-- Problem to work on --
Your response should contain exactly the lines running from the one with "USA Equestrian - Olympic" to the end of the data below, both included, and no pictures.

-- Data provided --
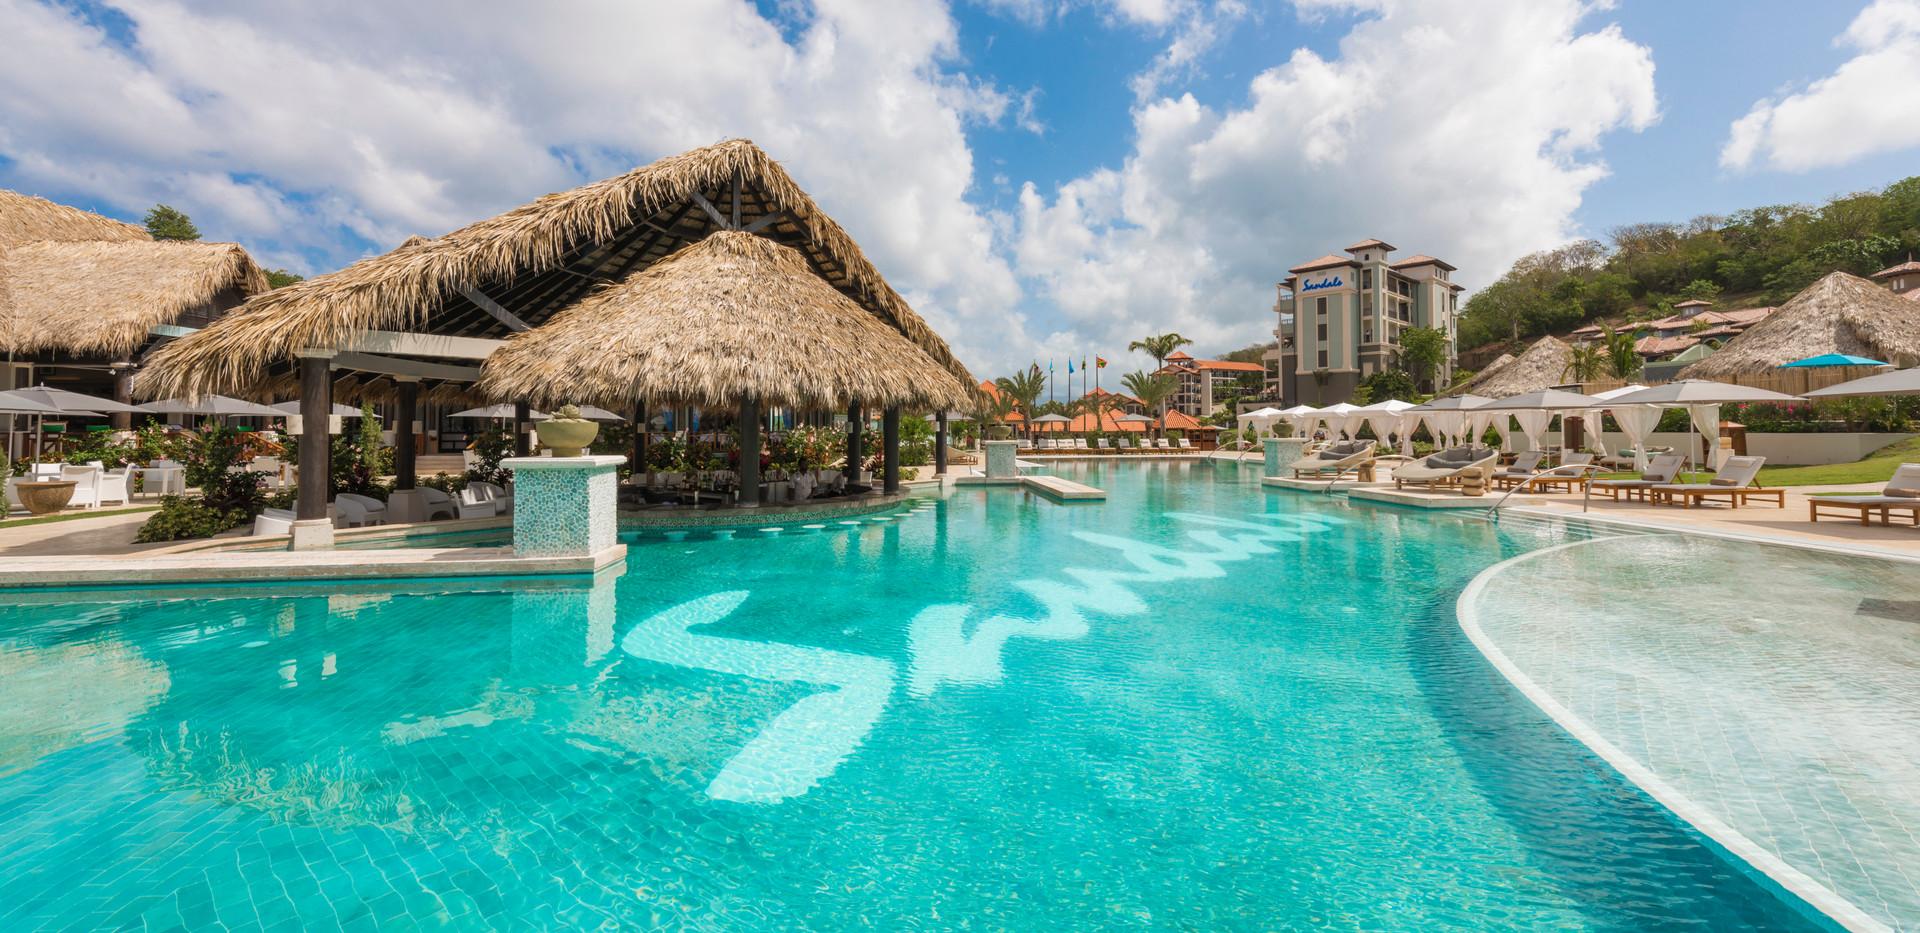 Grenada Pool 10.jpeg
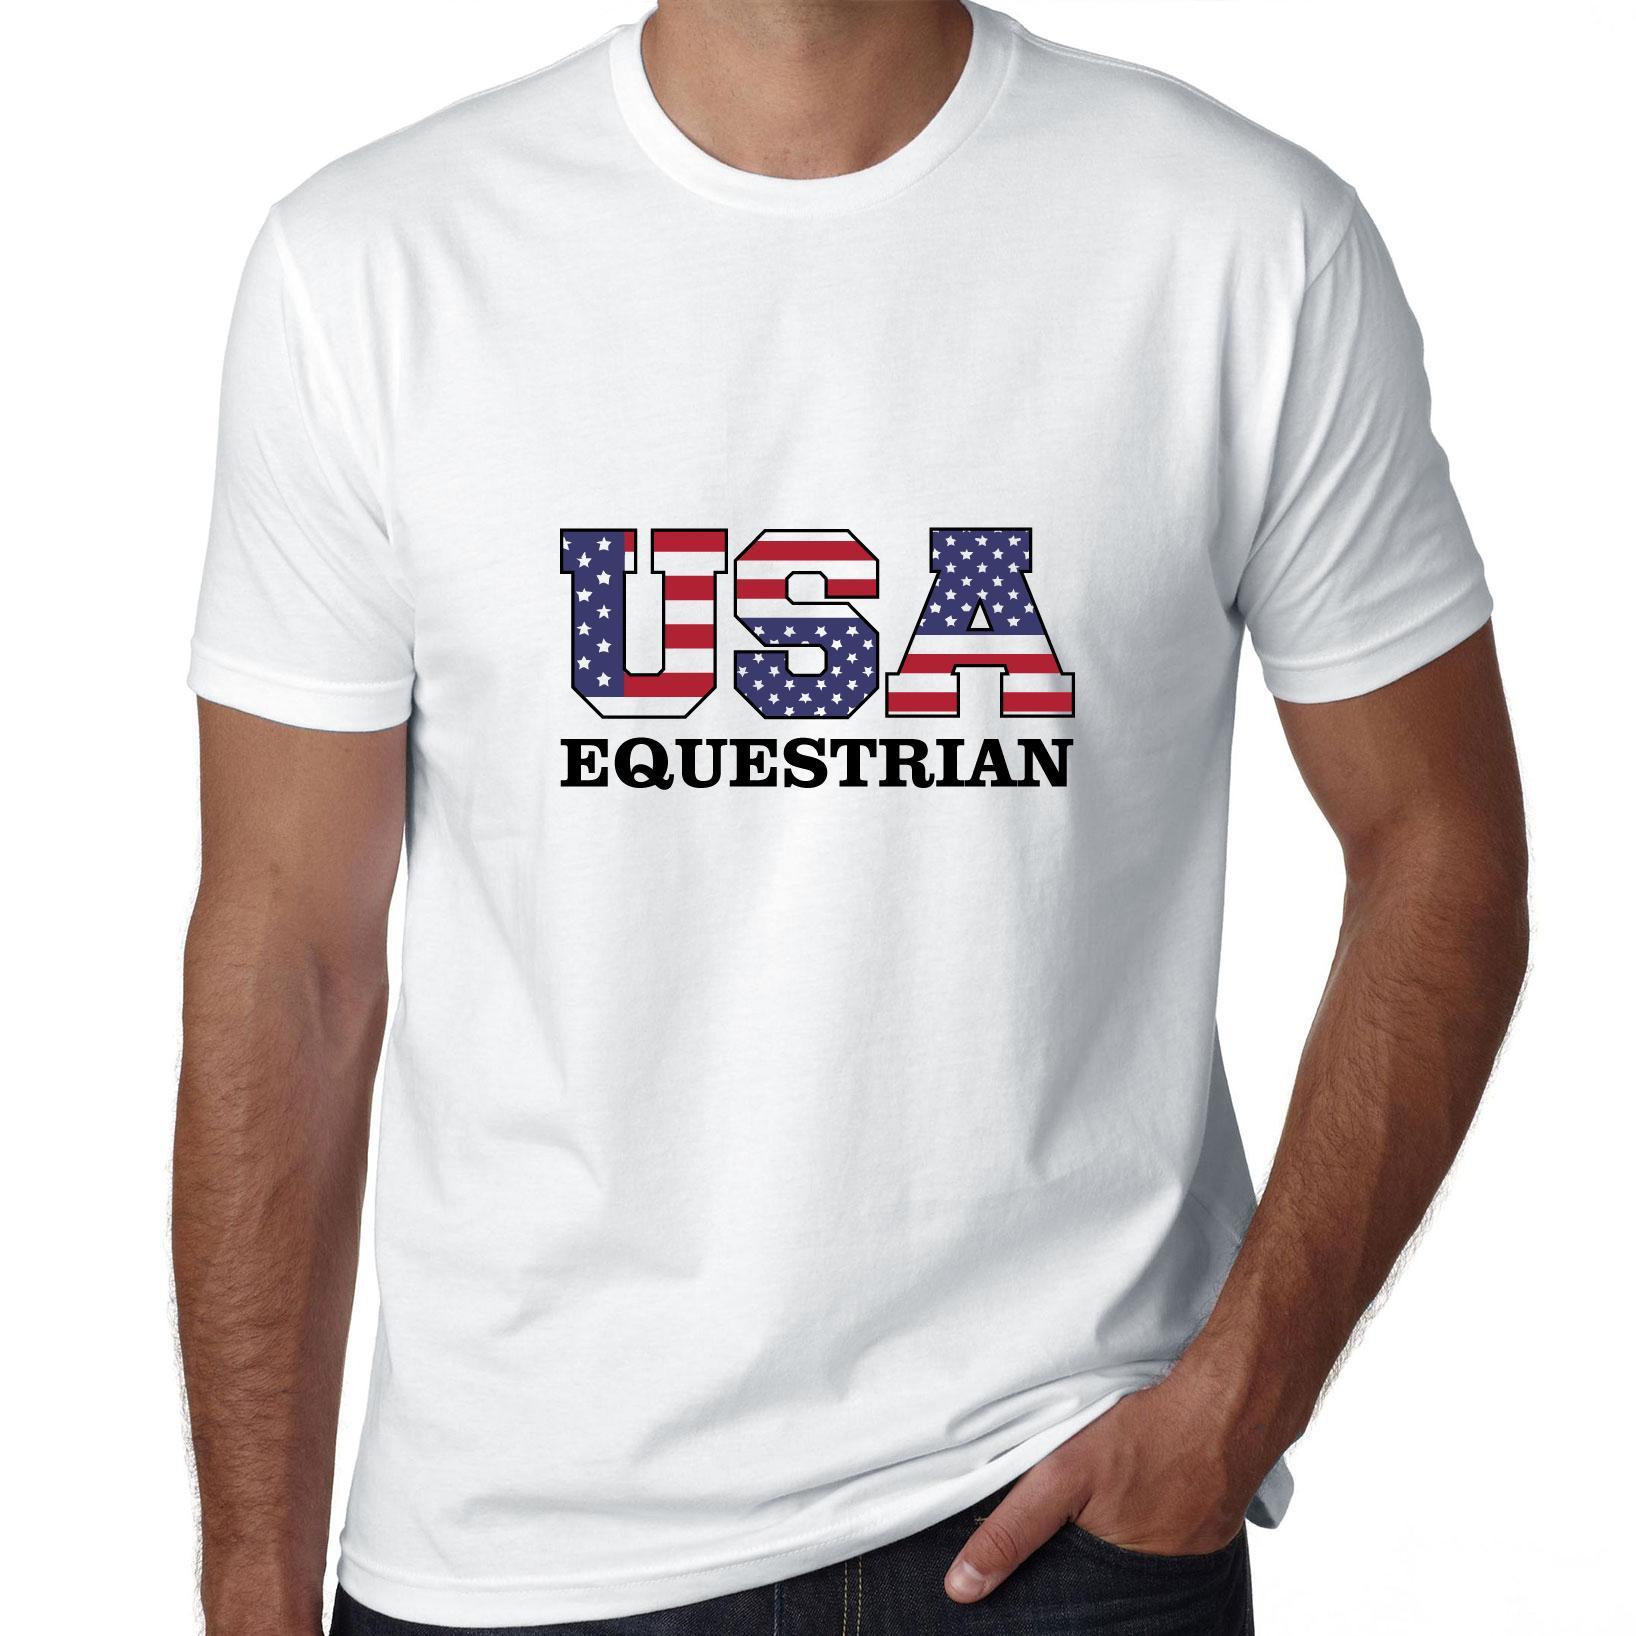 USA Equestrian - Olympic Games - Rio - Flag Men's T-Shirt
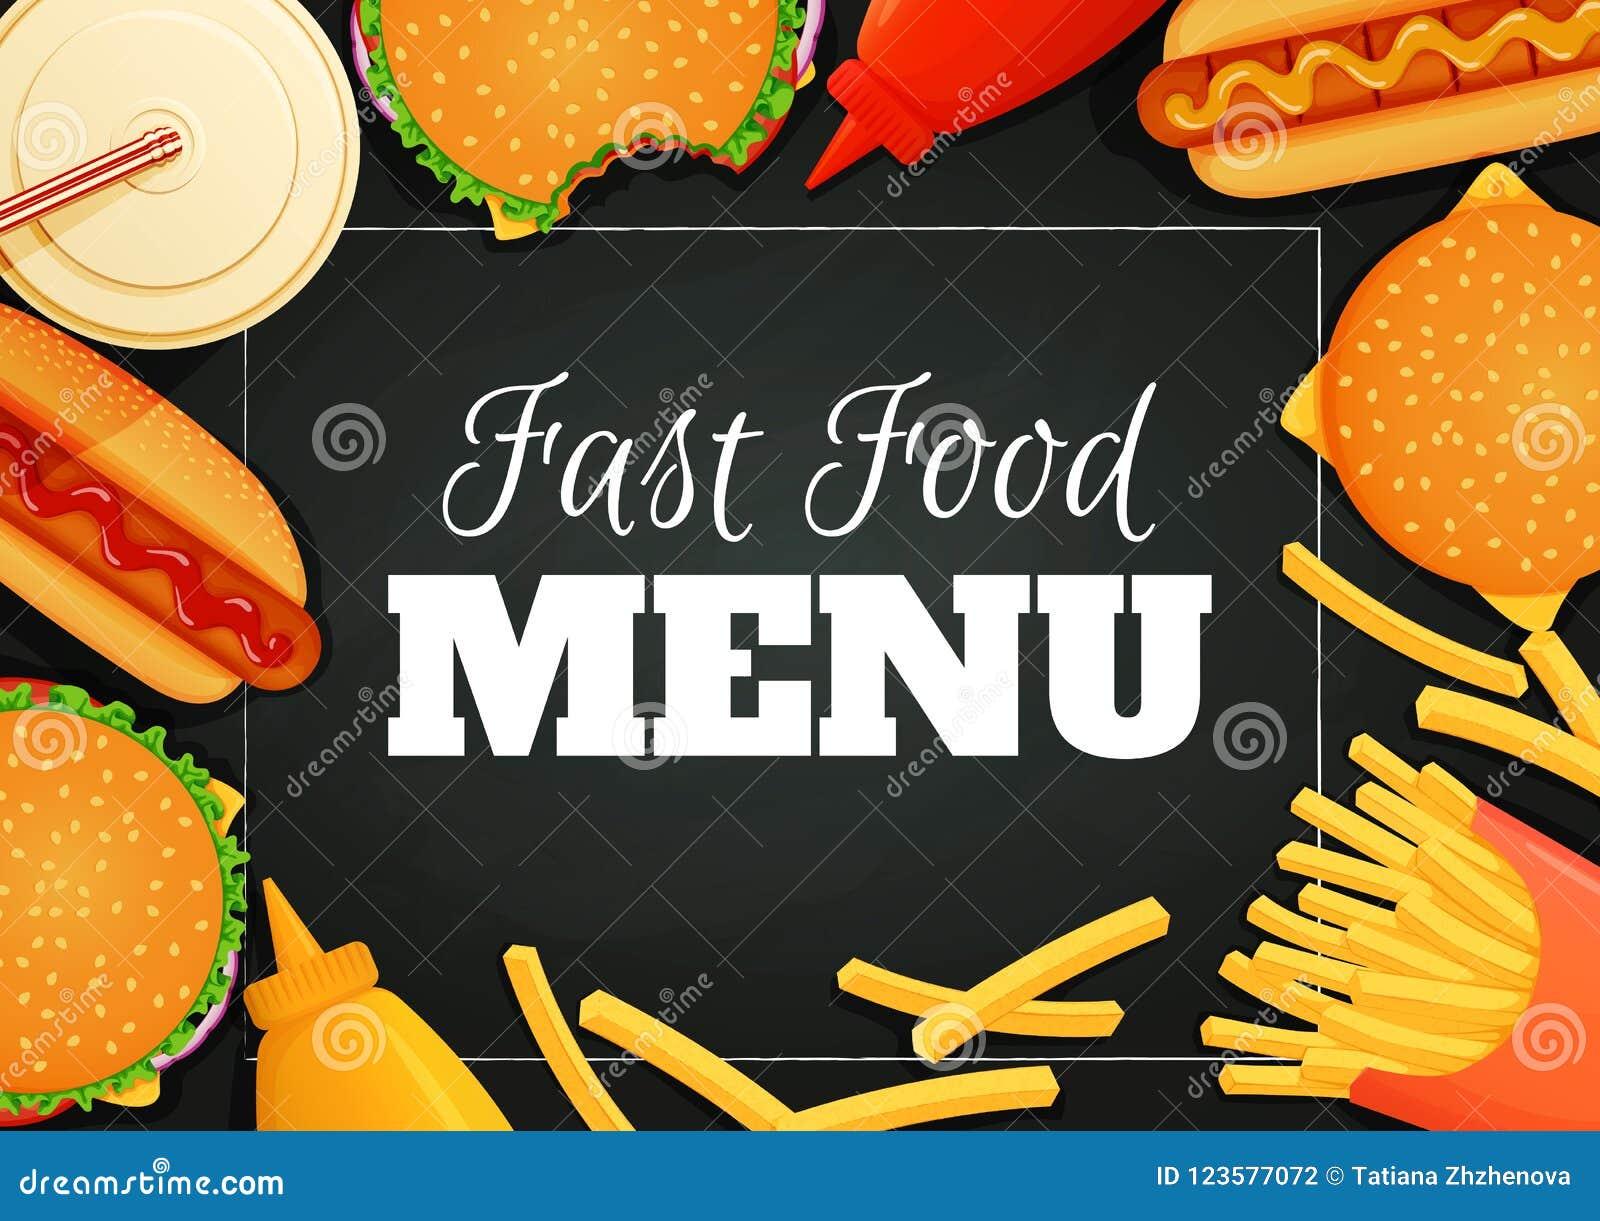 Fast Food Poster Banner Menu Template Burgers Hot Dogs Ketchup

-- Solution for this problem --
 USA Equestrian - Olympic Games - Rio - Flag Men's T-Shirt
 Fast Food Poster Banner Menu Template Burgers Hot Dogs Ketchup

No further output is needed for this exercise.